Poor Harold: A Comedy
by [?]

HAROLD.
( frightened )

No!

ISABEL.
Yes! If she is not already here and looking for you….

HAROLD.
Impossible!

ISABEL.
Those letters were very convincing, Harold!

HAROLD.
( shaking his head )

Not in the face of the universal belief of all Evanston in my guilt.

ISABEL.
Then she has forgiven you anyway.

HAROLD.
( sadly )

You do not know her.

ISABEL.
Don’t I? No, Harold, this is to be our last breakfast together. You wouldn’t have her walk in on us, would you?–And that reminds me. We’re out of coffee. You must go and get some while I dress. And go to the little French bakery for some brioches.

HAROLD.
In these clothes?

ISABEL.
Or Jim’s. Just as you like.

HAROLD.
Very well. I shall go as I am.

( Gloomily )
After all, I don’t know why I should mind one more
farcical touch to my situation. A grown man that
doesn’t know how to earn his living–

ISABEL.
I’ve suggested several ways.

HAROLD.
Yes, acting! No. I’d rather starve.

ISABEL.
There are other alternatives.

HAROLD.
Yes. Looking over the scientific magazines and finding out about new inventions, and writing little pieces about them and selling that to other magazines!

ISABEL.
Why not?

HAROLD.
A pretty job for a poet! What do I know about machinery?

ISABEL.
All the poets I know pay their rent that way. And they none of them know anything about machinery.

HAROLD.
All right. I’m in a crazy world. Everything’s topsy-turvy. Even the streets have gone insane. They wind and twist until they cross their own tracks. I know I’ll get lost looking for that French bakery. ( He goes to the door.) Greenwich Village! My God!

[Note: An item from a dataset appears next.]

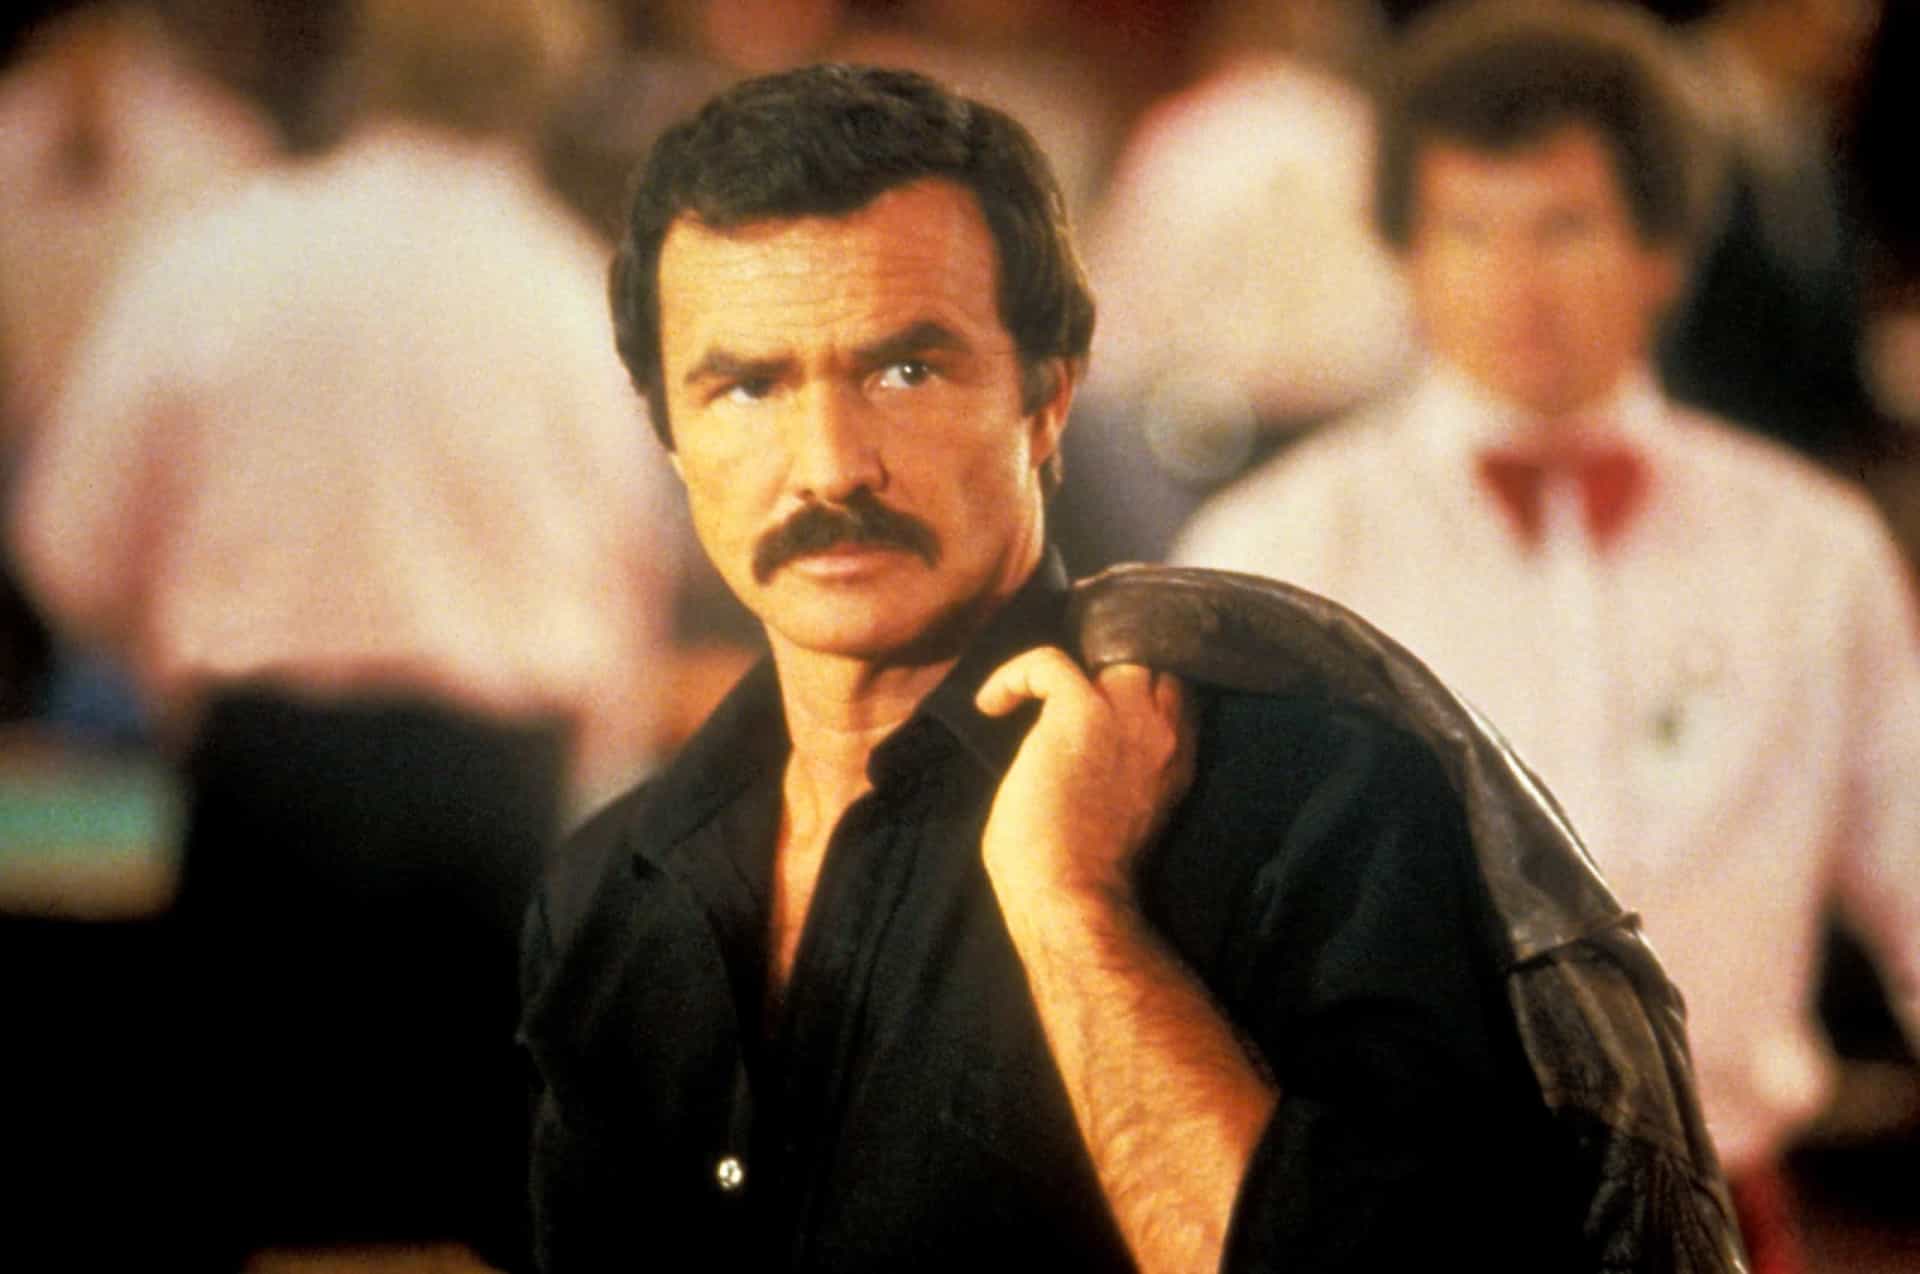 <p>This movie stars Burt Reynolds playing a bodyguard with a gambling addiction who is trying to save up money to leave Las Vegas.</p><p><a href="https://www.msn.com/en-us/community/channel/vid-7xx8mnucu55yw63we9va2gwr7uihbxwc68fxqp25x6tg4ftibpra?cvid=94631541bc0f4f89bfd59158d696ad7e">Follow us and access great exclusive content everyday</a></p>

He goes out. She, after a moment, goes into the back room. The charwoman enters, and commences to clean up the place. Isabel comes back, partly clothed and with the rest of her things on her arm, and finishes her toilet in front of the mirror. A sort of conversation ensues.

THE CHARWOMAN.
A grand day it’s going to be.

ISABEL.
( after a pause )

–Do you think I’m a bad woman, Mrs. Murphy?

MRS. MURPHY.
Come, now, it’s not a fair question, and me workin’ for you. I’ve no call to be criticizin’ the way you do behave. It’s my business to be cleanin’ up the place, and if ’tis a nest of paganism, sure ’tis not for my own soul to answer for it at the Judgment Day. And a blessed thought it is, too, that they that follow after the lusts of the flesh must go to hell, or else who knows what a poor soul like me would do sometimes, what with seein’ the carryin’s-on that one does see. But I’d not be breathin’ a word against a nice young lady like yourself.

ISABEL.
What do you think of Mr. Falcington?

MRS. MURPHY.
Well, as my sister that’s dead in Ireland used to say, and we two girls together, “Sure,” she said, “there’s no accountin’ for tastes,” she said. And you with a fine grand man the like of Mr. Jim, to be takin’ up with a lost sheep like this one. But I’d not be sayin’ a word against him, for it’s a pretty boy he is, to be sure. Well, there’s a Last Day comin’ for us all, and the sooner the better, the way the young do be shiftin’ and changin’ as the fancy takes them. I say nothin’ at all, nothin’ at all–but if you’ve a quarrel had with Mr. Jim, why don’t you make it up with him?